Stanley Johnson has called for China's ambassador to be allowed into Parliament, ahead of a controversial trip to Xinjiang.

Boris Johnson’s father intends to visit the region, home to the persecuted Uyghur minority, as he retraces the steps of Marco Polo.

Mr Johnson said Zheng Zeguang, the Chinese ambassador to Britain, was a very "agreeable, capable and intelligent man" and that he hoped the ban would be lifted.

"If there is a ban, as you say there is, I would imagine Parliament is breaking up for the summer pretty soon. But I would very much hope that by the time Parliament returns, these bans will no longer be in place," Mr Johnson told the South China Morning Post.

He celebrated Mr Zeguang for his "enthusiasm" for the upcoming project and said it had the potential to revamp Chinese-British relations.

The statements contradict the Prime Minister’s push to increase pressure on China for human rights abuses in Xinjiang. Mr Johnson has joined European Union, Canada and the United States in sanctioning Chinese officials.

Zheng Zeguang
Zheng Zeguang

The Prime Minister's half-brother, Max, intends to travel with his father on the six-week trip, during which the Chinese state broadcaster CCTV is expected to join for part.

Mr Johnson is planning to retrace the steps of Marco Polo’s route along the Chinese Silk Road, traversing the Xinjiang region where China has been accused of significant human rights violations against the ethnic Muslim population.

Beijing claims it is fighting terrorism in the region, but world leaders say the government is carrying out a genocide. 

Britain’s ban on Mr Zeguang was imposed last year, in what the Government claims was a response to sanctions levelled by Beijing on five Conservative MPs and two peers over its response to human rights abuses in Xinjiang.

Nine Britons were sanctioned by Beijing in retaliation, including Iain Duncan Smith, the former leader of the Conservative Party.

Beijing, which has rebuffed all accusations regarding Xinjiang, accused the group of "maliciously spreading lies and disinformation".

But the Prime Minister's father said he was pleased to be working with China and that the trip was "not a political exercise".

"Anyone who doesn’t want to improve British-Chinese relationships strikes me as being rather narrow-minded," he said.

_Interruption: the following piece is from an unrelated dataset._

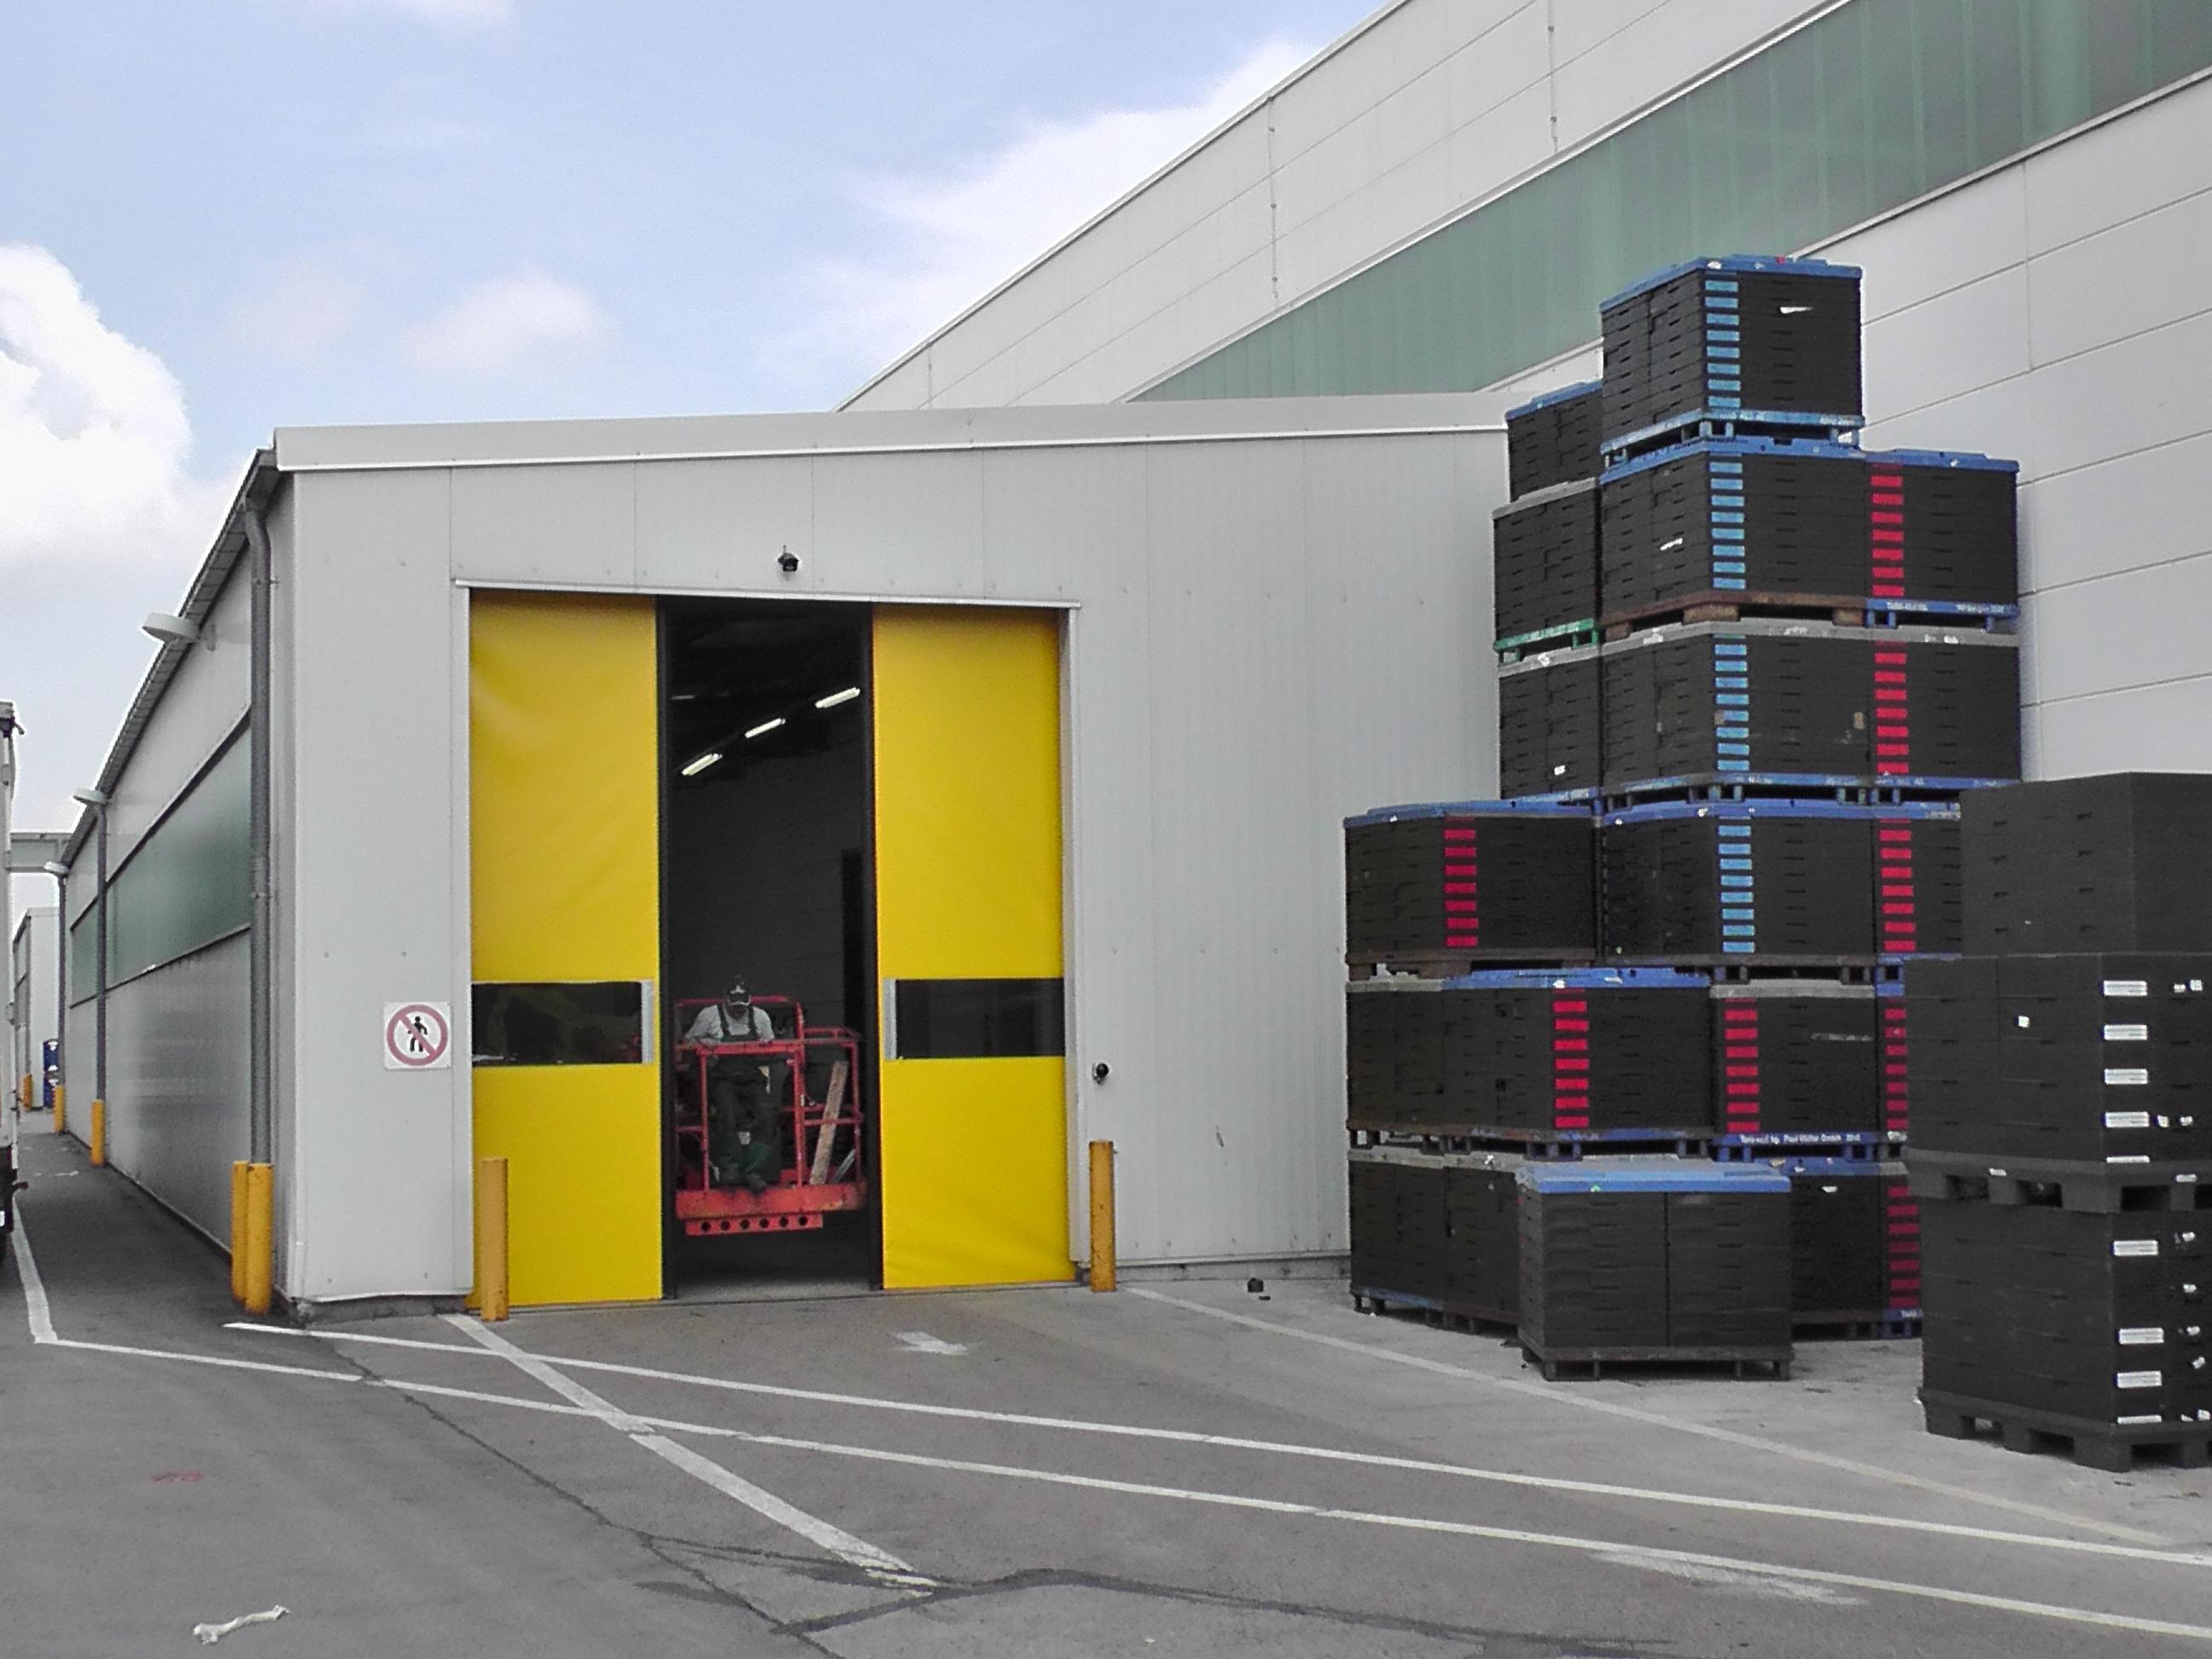 Porti industriale rapide BUTZBACH - Poza 1

Sir Iain, Nusrat Ghani and Tim Loughton said in a statement that Mr Johnson was "advancing the interests of a brutal Chinese regime that is committing genocide on the Uyghurs".

"It is sad that he so blatantly uses his family ties for such selfish and self-serving reasons," they added. "As any decent person might remark, a period of silence from him would be most welcome."

When questioned on the backlash, Mr Johnson told the South China Morning Post: "I am not going to comment on this. I don’t live in this world of people saying this and people saying that."